Hyperspectral modeling during severe weather
Hyperspectral soundings — for example the Cross-track Infrared Sounder (CrIS) on NOAA-20/Suomi-NPP and the Infrared Atmospheric Sounding Interferometer (IASI) on MetOp — observe the atmosphere at thousands of wavelengths in the near-infrared and infrared part of the electromagnetic spectrum. The excellent spectral resolution allows for good vertical resolution of temperature and (especially) moisture in the atmosphere; Polar Hyperspectral Soundings (PHS) are created from these data to give profiles of temperature and moisture. Data fusion, described in this Smith et al. paper from 2020, relates ABI information to PHS when the polar observations are made (the technique used is a bit different from the GEO+LEO technique described in this Weisz and Menzel paper from 2019). Those relationships are subsequently carried forward in time, thereby exploiting both the excellent spectral resolution available from polar satellites and the excellent spatial and temporal resolution from ABI. Qi Zhang and Bill Smith, Sr. at Hampton University are running a model that takes advantage of this data fusion. Output from this modeling effort have been previously discussed here and here on this blog, and is available here. In the past year, the modeling effort has expanded to include microwave information (from the Advanced Technology Microwave Sounder (ATMS) on NOAA-20/Suomi-NPP) to give more accurate satellite-derived moisture information below the cloud-tops.
The imagery below shows forecasts of Significant Tornado Parameter from two different 3-km runs, one with a domain centered on the risk as defined by the Storm Prediction Center, one with a static domain. Note the close correlation between the region of larger values and the observed tornadoes. Results between the two forecasts are similar, but the false alarm rate is somewhat smaller in the small domain.

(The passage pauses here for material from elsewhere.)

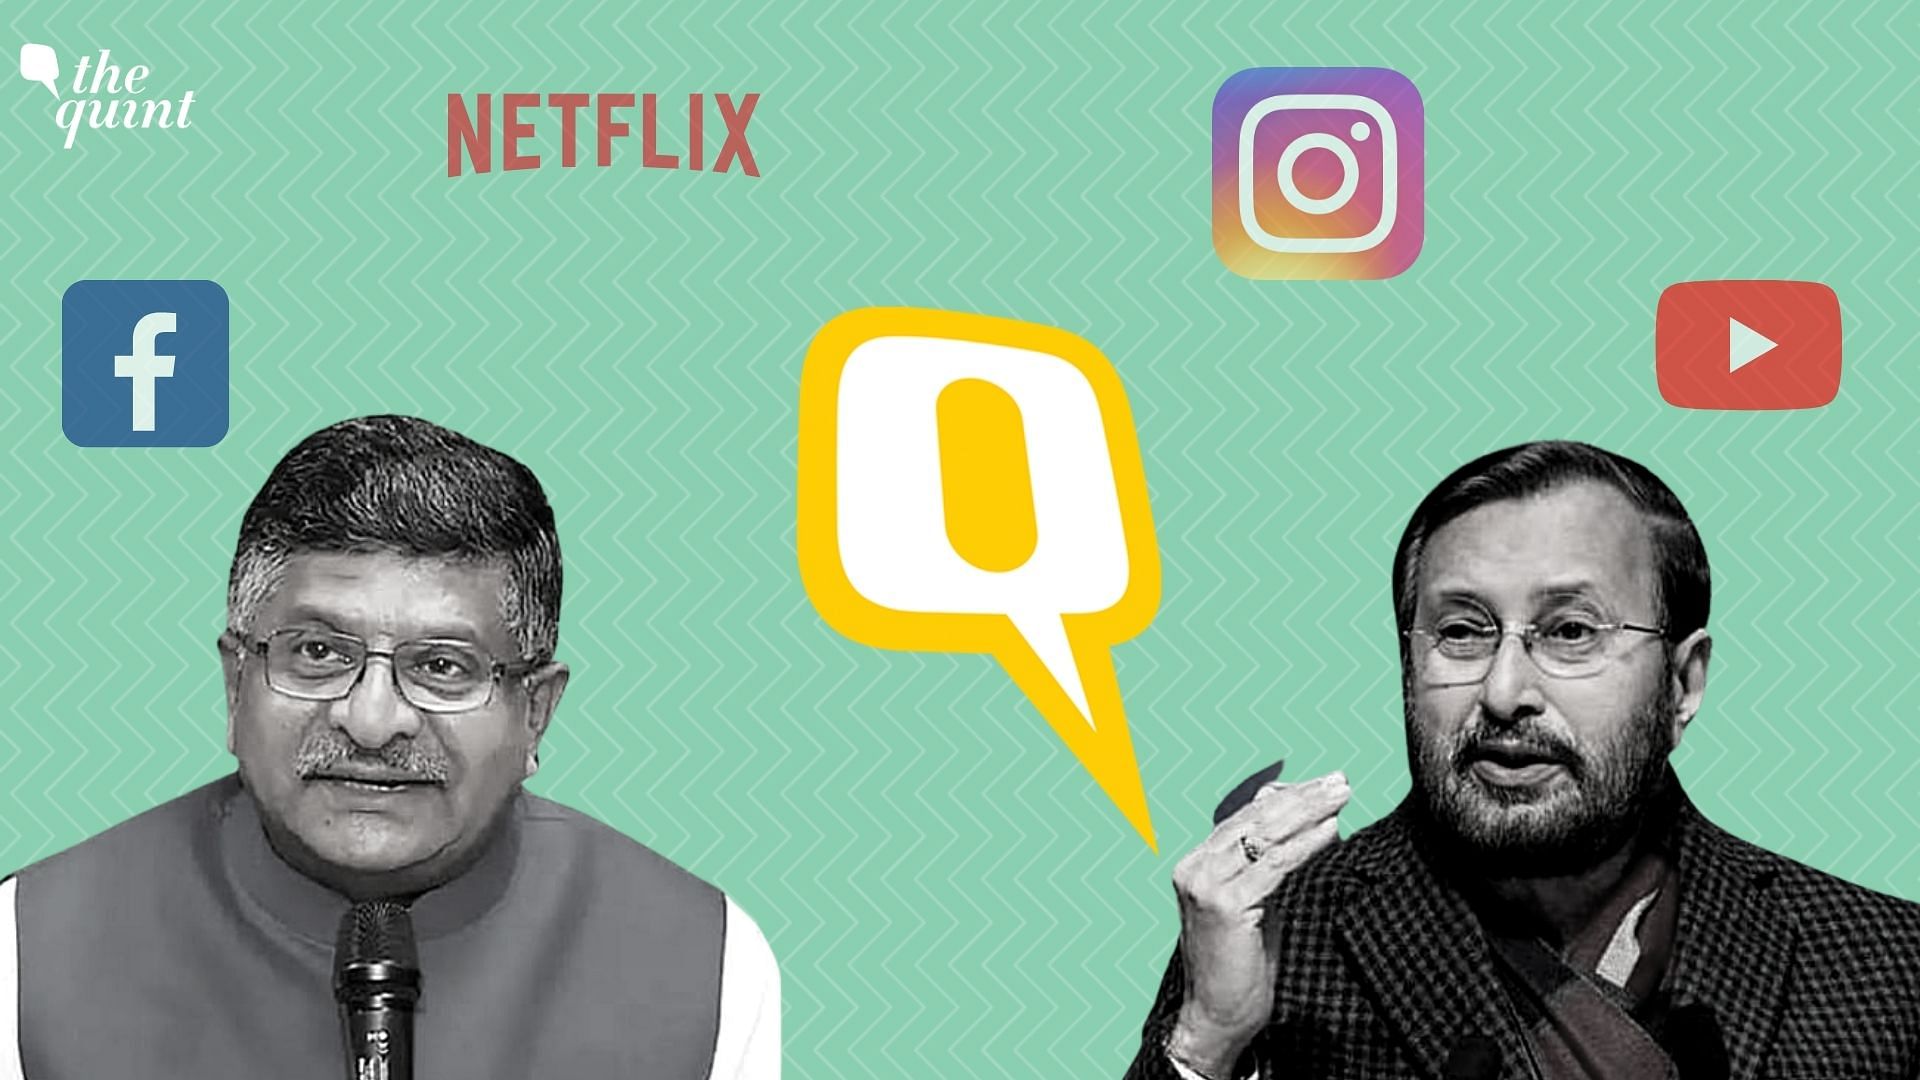 The Quint has moved the Delhi High Court, challenging the regulation of digital news portals under the newly released Information Technology (Guidelines for Intermediaries and Digital Media Ethics Code) Rules, 2021.

New Orleans LA was hit by a tornado (discussed here) after sunset on 22 March 2022. Tornado locations are shown by the inverted red triangles in the figures below. The Significant Tornado Parameters from the 3-km model that includes PHS data, microwave data, and ABI data has a maximum in the region of the tornado. This is useful information to have when anticipating the tornado development.
The combination of polar hyperspectral soundings with ABI data has been explored since before the launch of GOES-R, and in fact back to about 2008! Funding for this effort has been supplied in the past by both GOES-R and JPSS Risk Reduction initiatives.
In the (distant) future, when NOAA’s Geostationary Extended Observations (GeoXO) satellite system is in orbit (click here for more information on GeoXO), routine soundings of the atmosphere will allow this type of modeling effort with better initial conditions because there will be a much smaller time between the observations (from Geostationary in the future vs. from Polar Orbiters now) and the model initialization.